Fosdick, a senior majoring in fine arts, collected these textbooks from previous classes he and his friends have taken at OSU. These textbooks were out-of-date and could not be sold back to the OSU Beaver Store.

The display, Fosdick’s final project for professor Michael Boonstra’s sculpture course, was created to bring awareness to the wastefulness of textbook use.

When students must buy the latest version of a book for a course, older versions go unused. Fosdick takes this concept further and concludes that the university or its professors promote that older versions lack the ability to provide the reader with proper information.

“This knowledge is useless,” Fosdick said.

However, these particular textbook pages will not be part of the flippant wastefulness that most textbooks end up contributing to, Fosdick said.

James Cassidy, a professor in the crop and soil science department, saw Fosdick’s display Tuesday and reached out to the art student. Cassidy and Fosdick plan to compost the art in the composting area behind Withycombe Hall.

“It’s an interesting completion for the project,” Cassidy said. “Everything returns to the soil.”

When Cassidy saw the art, he was taken aback.

“It was sort of disarming,” Cassidy said. “I walked across the soil to it, because I wanted to experience it. I could just see how fragile it was.”

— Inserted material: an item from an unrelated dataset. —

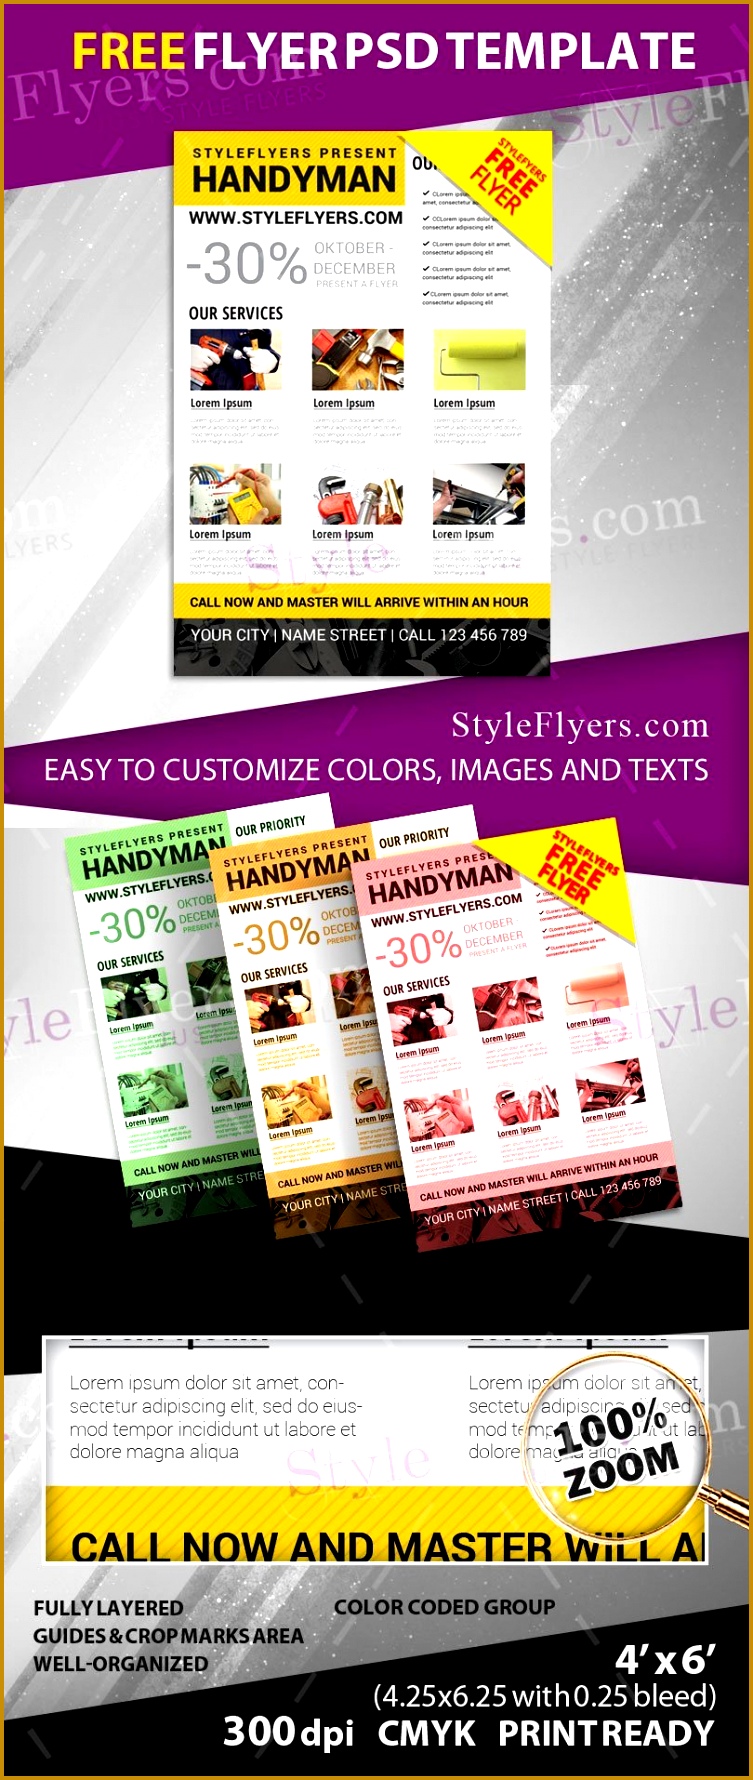 Start using a reliable help We can offer our assistance in promoting your services Download for free our new handyman PSD flyer template 1780753

Cassidy plans to show his soil class the stages of decomposing pages winter and spring terms.

Like Cassidy, passersby in the quad were also intrigued by the display.

Jill Irvine, a freshman in merchandising management, saw the display Tuesday, but didn’t know what it was. After finding out more about the piece Wednesday, Irvine liked the concept of bringing awareness to the wasted textbooks.

Another passerby, Logan Taylor, a junior double majoring in business and sustainability, agreed with composting the art and its message.

“I think it’s really cool,” Taylor said. “The university should pay attention to it.”

Connecting with Fosdick’s message, Taylor said that he, too, has a pile of unused textbooks in his house. He said the display made a “bold statement.”

The OSU Beaver Store academic materials manager, James Howard, said the project is “very interesting.”

Howard appreciated the message and said the OSU Beaver Store supports public art.

However, for clarification, Howard wanted to make known the nonprofit’s place in the textbook world.

“The store does not choose what books to use,” Howard said. “There are a variety of factors that goes into play.”

OSU professors and publishers choose which textbooks to use, and the OSU Beaver Store orders them, according to Howard. If a professor does not adopt an older version, then there is no value to buying back that book from previous students.

In addition to this, if the store’s third-party collaborators do not want or use the book, the OSU Beaver Store doesn’t buy it back from students.

Howard suggested other routes students can take when selling back old textbooks. Students can sell books to each other or make use of the numerous avenues available on the Internet.

The OSU Beaver Store also collects books of “no value” and will send them to Better World Books, an online organization that was founded in 2002.

This organization collects these books to donate or fund literacy initiatives worldwide, according to the Better World Books’ website.

Fosdick began working on his project during week one of fall term.

The pages will hang in the quad until Friday — barring adverse weather that might affect the material’s stability.